*** Data block ***

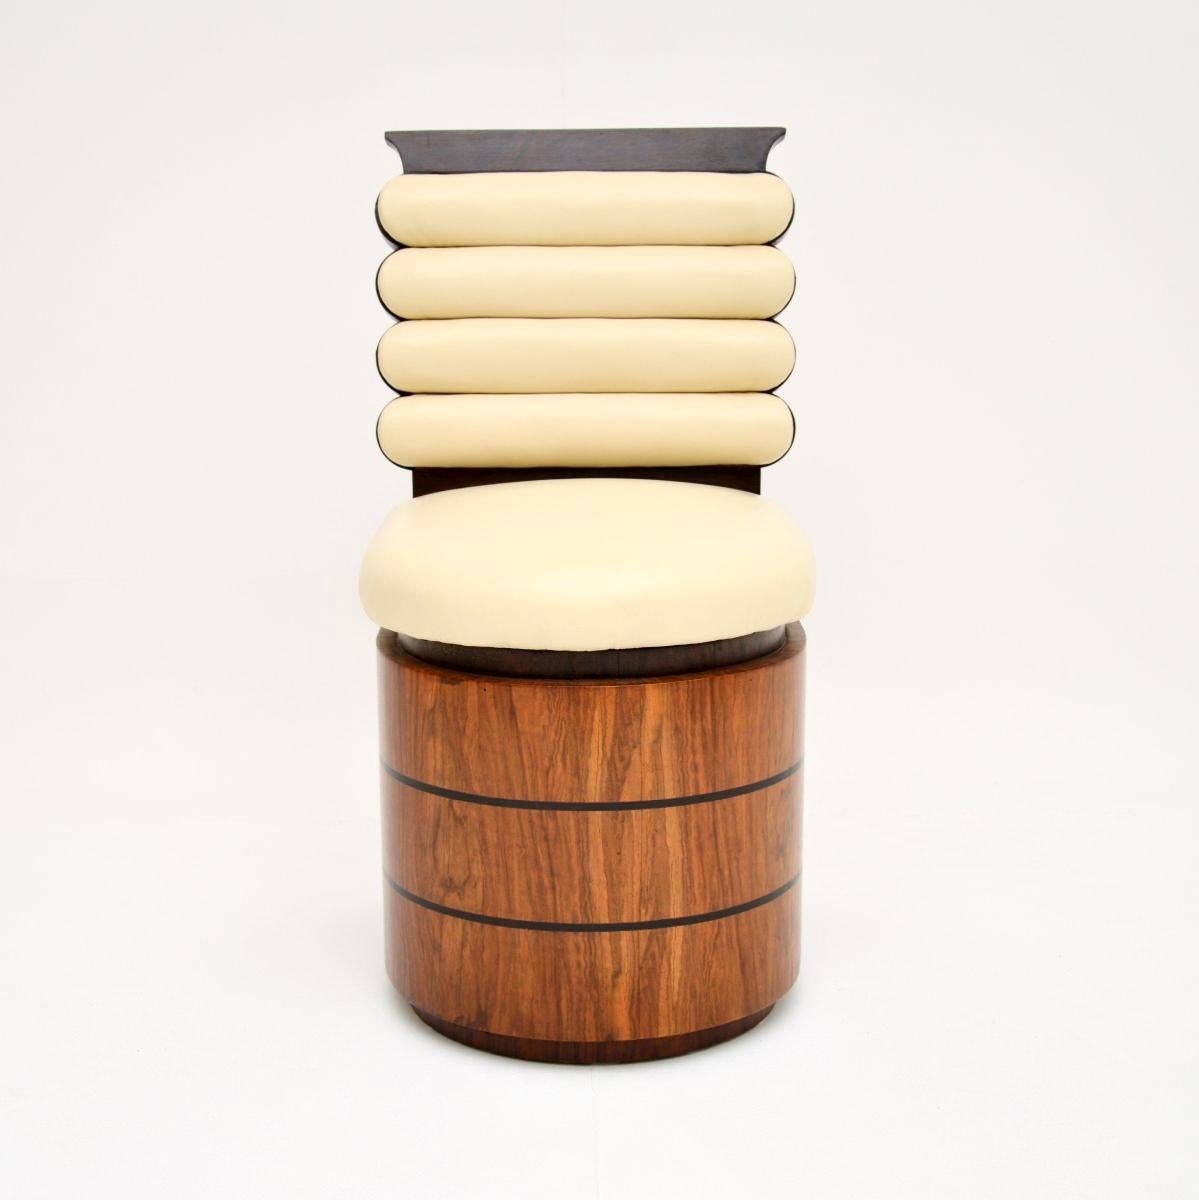 Une fantastique chaise de bureau / tabouret Art Déco en noyer et cuir. Probablement fabriqué en France, il date des années 1920-30.

Il est d'une qualité exceptionnelle et présente un design étonnant. La partie inférieure de la façade est en noyer.
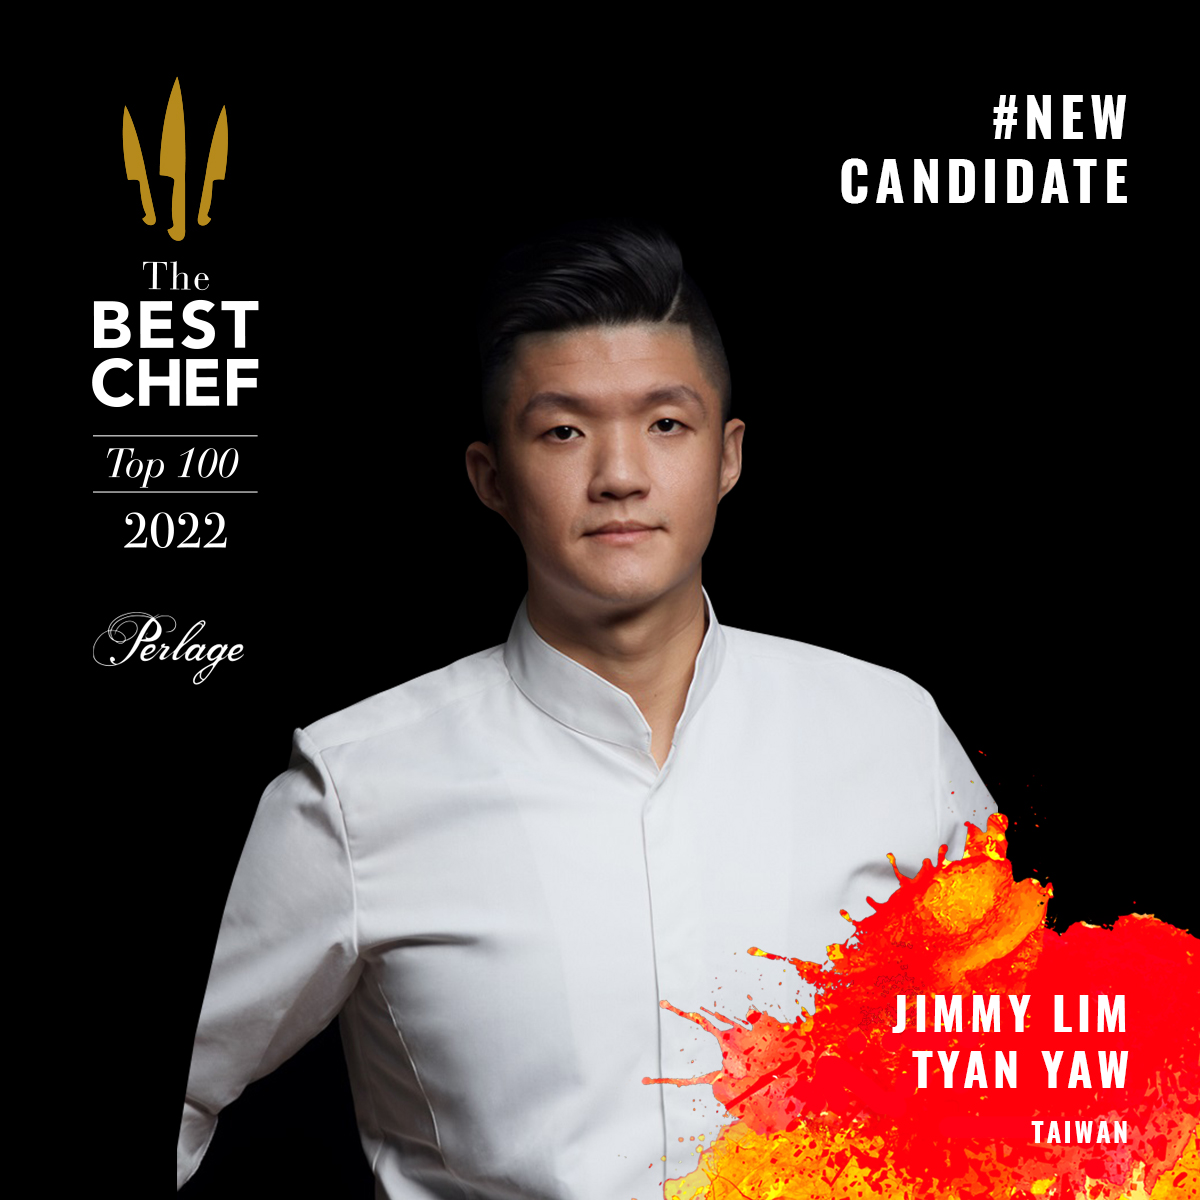 Jimmy Lim Tyan Yaw - New Candidates 2022

*** End of Data block ***

Action item:
All of the material above is to be copied exactly, except for its images.

Your solution:
 Une fantastique chaise de bureau / tabouret Art Déco en noyer et cuir. Probablement fabriqué en France, il date des années 1920-30.

Il est d'une qualité exceptionnelle et présente un design étonnant. La partie inférieure de la façade est en noyer.
 Jimmy Lim Tyan Yaw - New Candidates 2022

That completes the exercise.